Entrevista

Ao final dessa experiência musical espiritual e visceral no Mimo Festival, Amaro Freitas recebeu o BOLSA DE DISCOS de forma muito tranquila e carinhosa para uma entrevista. Inicialmente eram seis perguntas; entretanto, por conta da profundidade e extensão das duas primeiras respostas do artista, a entrevista se encerrou, com nossas expectativas superadas enormemente

Por: Renan Simões, especial para o BDD

Amaro Freitas encerrou o Festival MIMO 2025, em Olinda/PE, de forma extraordinária. Foi, de longe, um dos melhores shows que assisti na vida. A magia do momento foi também potencializada pelo suposto silêncio do artista, que comunicou uma miríade de sentimentos e ideias ao público exclusivamente através de sua música, expressões e ações, sem pronunciar uma única palavra. Amei isso. recém-formado septeto do artista estava desfalcado: o trompetista Sidmar Vieira havia sofrido um acidente; tudo estava sob controle, mas ele não pôde comparecer ao show por conta do repouso. O pianista e compositor Amaro Freitas estava muito bem acompanhado: Alexandre Rodrigues (saxofone, flauta transversal e pífano), Beto Xamba (percussão), Henrique Albino (saxofone, flauta transversal e pífano), Rodrigo “Digão” Braz (bateria) e Sidiel Vieira (baixo acústico).

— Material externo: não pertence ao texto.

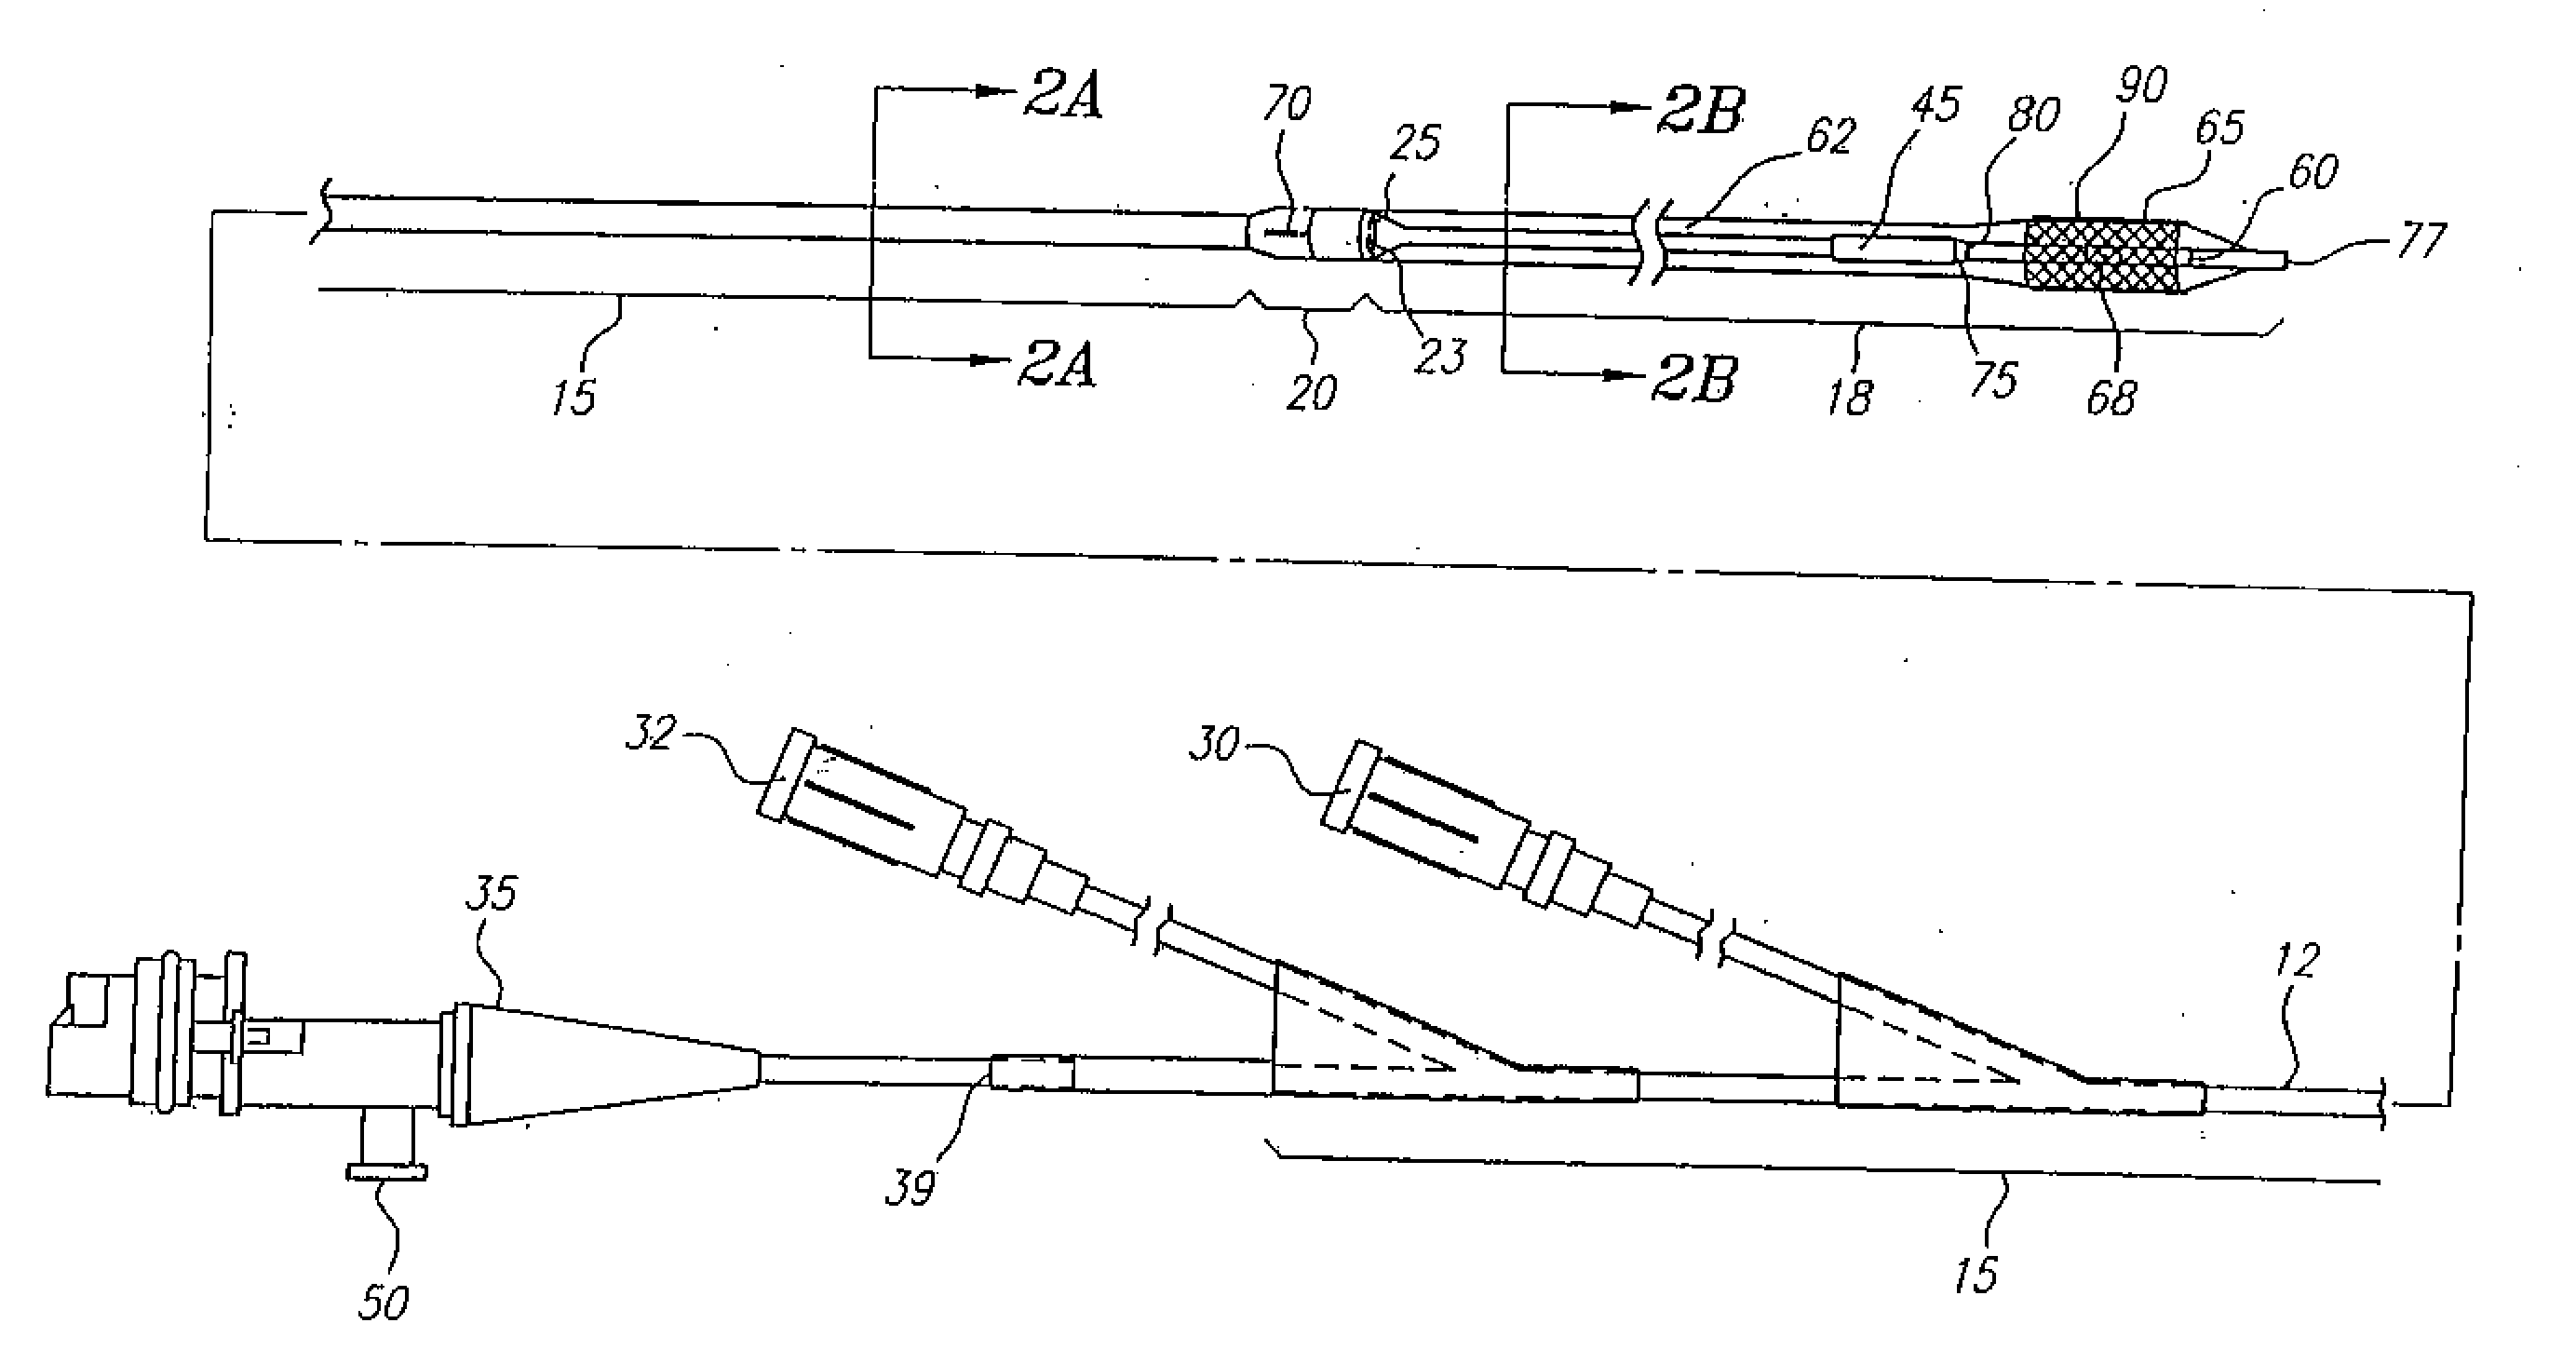 Catheter System Having Imaging, Balloon Angioplasty, And Stent Deployment Capabilities, And Method Of Use For Guided Stent Deployment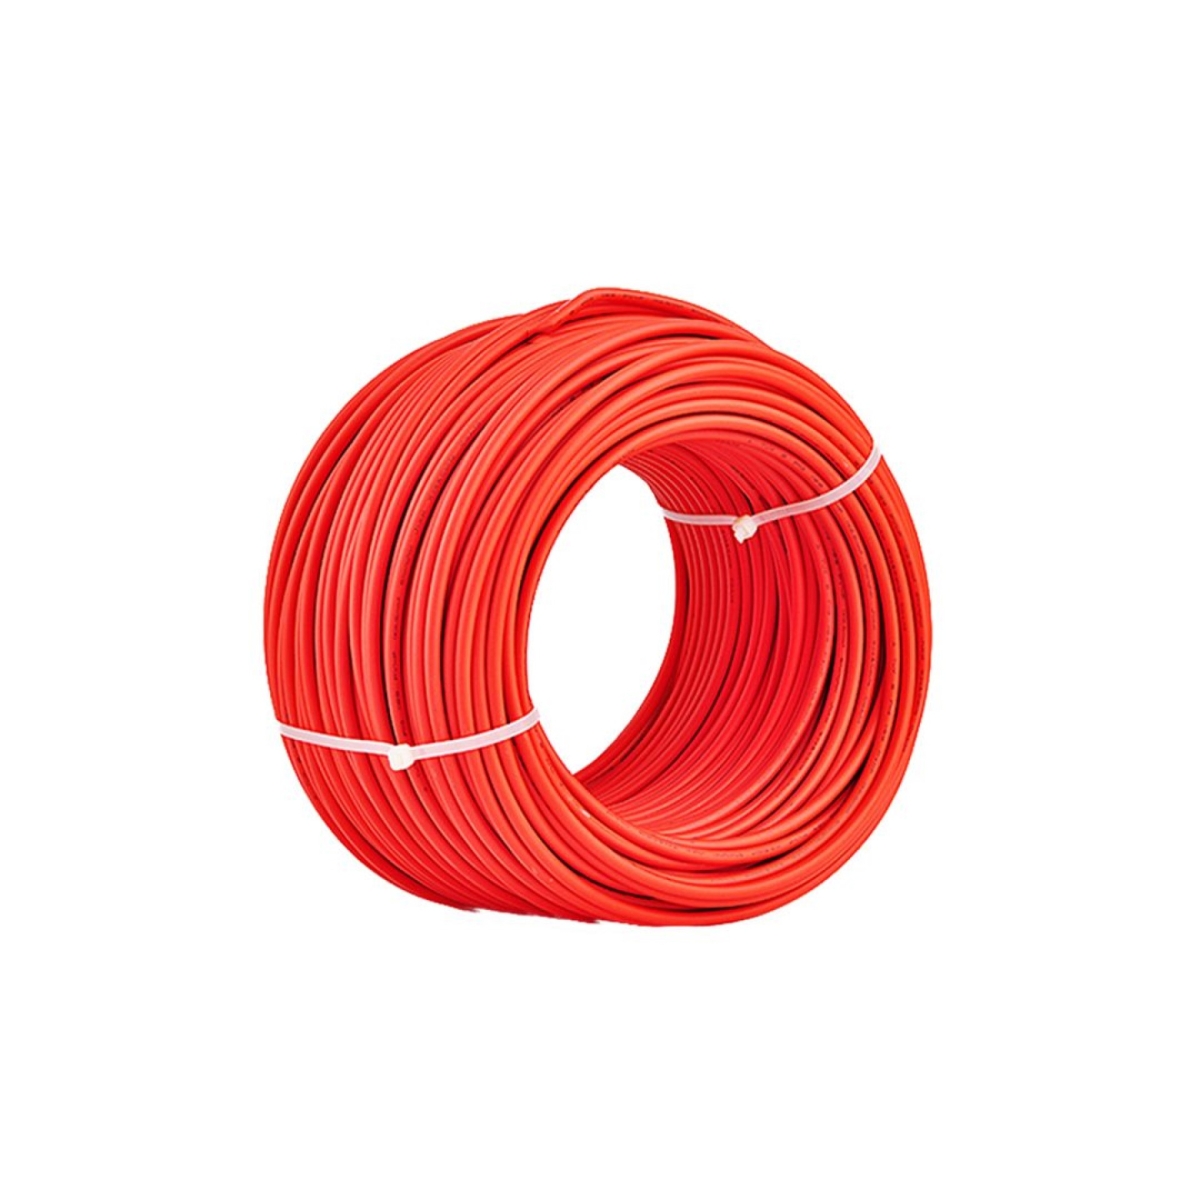 TommaTech 10.0mm² Solar Cable PVI1-F Red 1 Meter

O grupo entrou no palco e atacou um frevo bem agitado, complexo, moderno e de tirar o fôlego. O público veio abaixo. A seguir, nos brindou com a elegantíssima Ayeye, do álbum Sankofa (2021), terceiro do artista (e meu preferido), com improvisos bem intensos dos músicos, seguido de um maracatu de rítmica bem complexa e explorações sonoras dentro do piano, tão características do álbum Y’Y (2024, pronuncia-se iê-iê), último do artista.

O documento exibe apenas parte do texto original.